Supported git operations

Work in progress. The table below reflects operations tested against cloudflare/workers-sdk mounted via macFUSE.

Filesystem operations

Operation Status Notes
ls (root and subdirectories) Supported Includes synthesized .git gitfile
cat / read file Supported Triggers on-demand hydration for unhydrated blobs
stat (file size, mode) Supported Sizes resolved via git cat-file --batch-check
mkdir Supported Persisted in writable overlay
Create new file Supported Persisted in writable overlay
Write / append to file Supported Copy-on-write for tracked files
Rename file Supported Works for both overlay and tracked (snapshot-only) files
Delete file (rm) Supported Whiteout recorded in overlay
rmdir Supported Checks directory is empty first
Truncate Supported Hydrates blob before truncating
Symlink read (readlink) Supported Symlink target read from blob content

Git operations

Operation Status Notes
git log Supported Reads from pack objects
git branch Supported
git rev-parse HEAD Supported
git show Supported
git remote -v Supported Credentials stripped from output
git stash list Supported
git status Supported ~7s on 5800-entry repo
git diff Supported Shows correct unified diff for modified files
git add Supported Stages modified files
git reset Supported ~6.5s index refresh
git commit Supported Watcher detects HEAD change; overlay reconciles stale entries
git checkout Supported Re-indexes tree, reconciles overlay, refreshes git index
git fetch Supported Background refresh loop fetches periodically

Known limitations

Issue Impact
git status takes ~7s on large repos (5800+ entries) Performance -- full tree walk through FUSE
git reset takes ~6.5s for index refresh Performance -- same root cause as git status

Testing

Unit tests:

go test ./...

End-to-end tests mount a git repo via FUSE and exercise filesystem + git operations (including commit and overlay reconciliation). They require a FUSE implementation (macFUSE on macOS, fuse3 on Linux) and are off by default.

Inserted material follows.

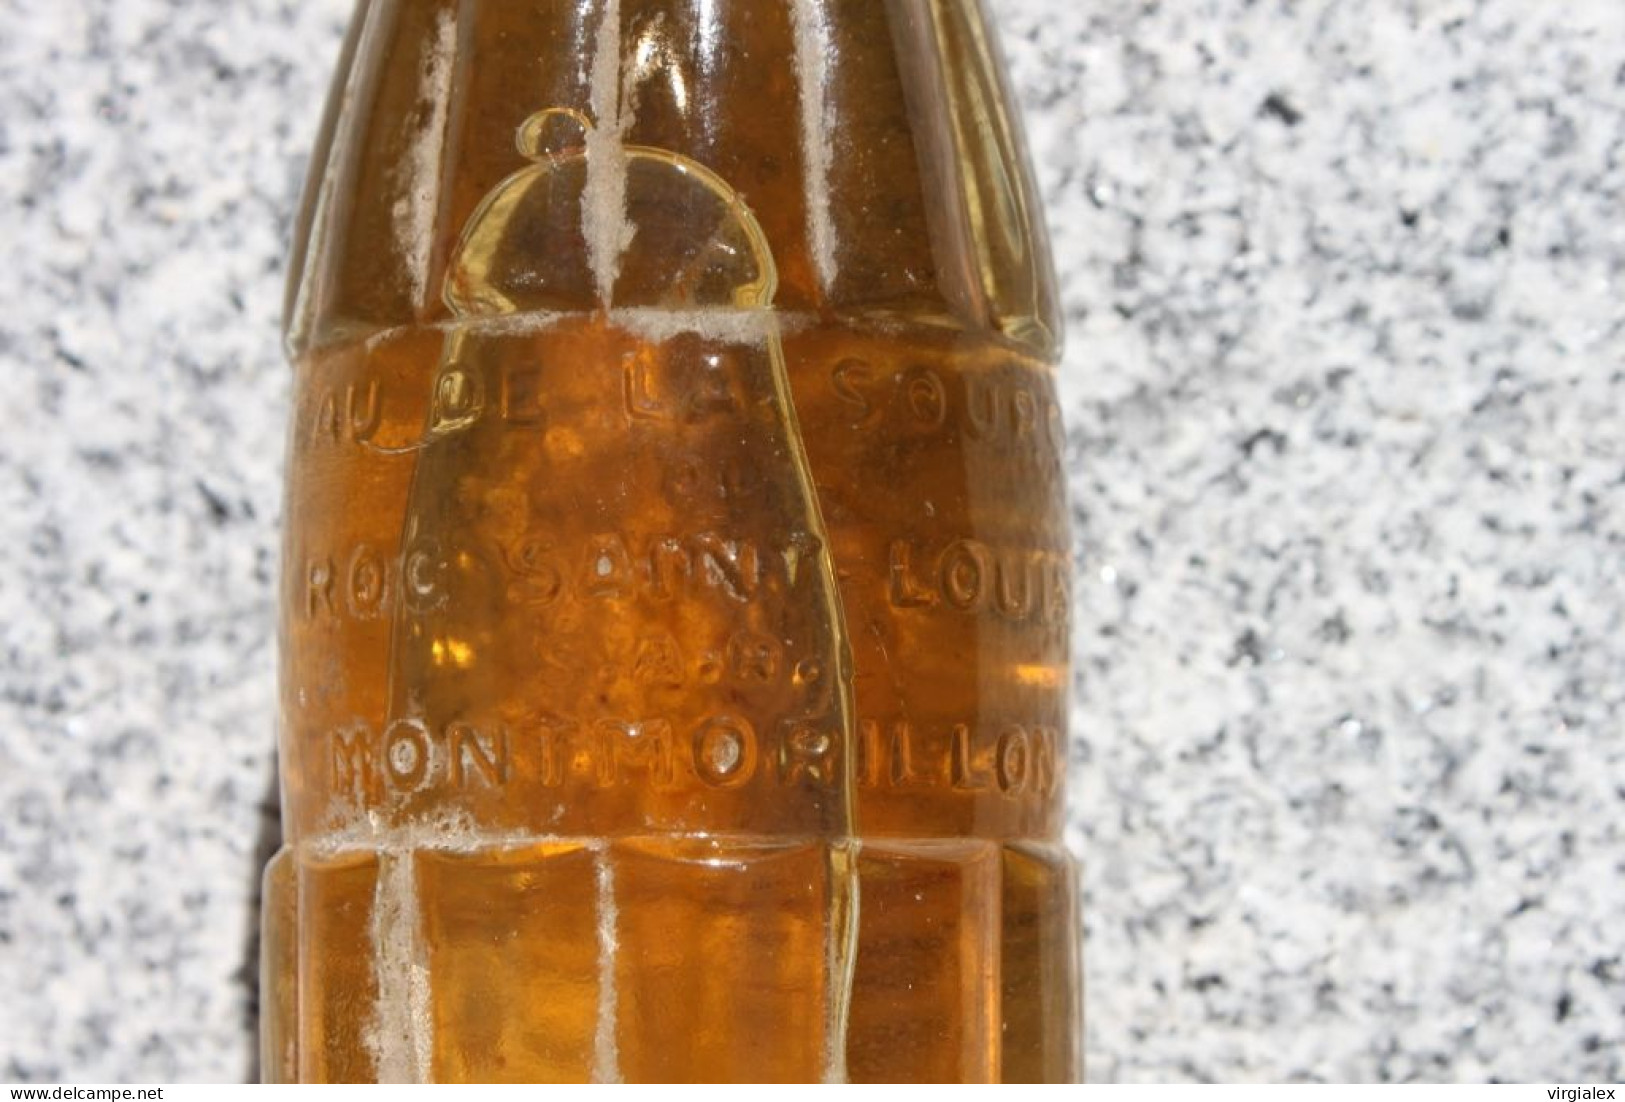 Lot 2 bouteilles anciennes ROC-SAIN - Boisson Ancienne Eau de Source Saint-Louis Montmorillon Vienne
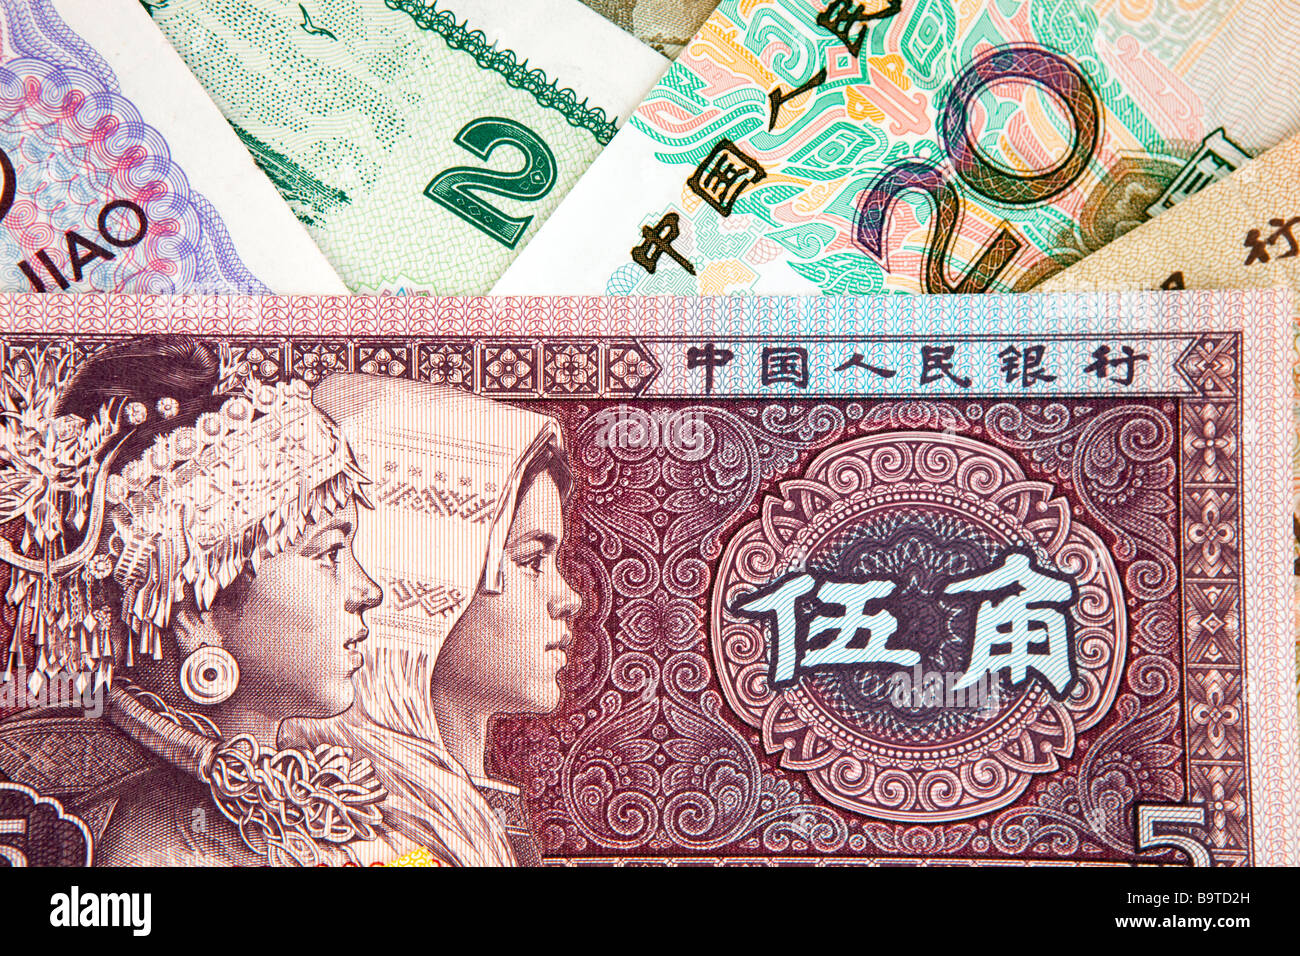 Geld Währung Detail des chinesischen Banknoten Stockfoto

By default, e2e tests create a local bare repo -- no network required. Set AFS_E2E_REPO to test against a real remote.

# Run e2e tests (uses a local test repo by default)
AFS_RUN_E2E_TESTS=1 go test -v -run TestE2E -count=1 -timeout 10m .

# Run against a specific remote repo
AFS_RUN_E2E_TESTS=1 \
  AFS_E2E_REPO=https://github.com/cloudflare/workers-sdk.git \
  go test -v -run TestE2E -count=1 -timeout 10m .

Environment variables

Variable Default Description
AFS_RUN_E2E_TESTS 0 Set to 1 to enable end-to-end tests
AFS_E2E_REPO local bare repo Git remote URL for e2e tests. When unset, a local bare repo is created automatically. Set to an HTTPS URL to test against a real remote (accepts authenticated URLs).
ARTIFACT_FS_ROOT ~/.local/share/artifact-fs (macOS) or /var/lib/artifact-fs (Linux) Runtime data root for the daemon and CLI

Contributing

Contributions are welcome, but not all contributions will be accepted. As guidance:

  1. Ensure you open an issue describing your change - why it's a problem, how to reproduce it (if it's a bug)
  2. Your PR should be clear and concise - including why it should be upstreamed.
  3. You are expected to have self-reviewed - any PRs that are straight from automation with glaring issues, that don't build, or don't add good tests are likely to be closed.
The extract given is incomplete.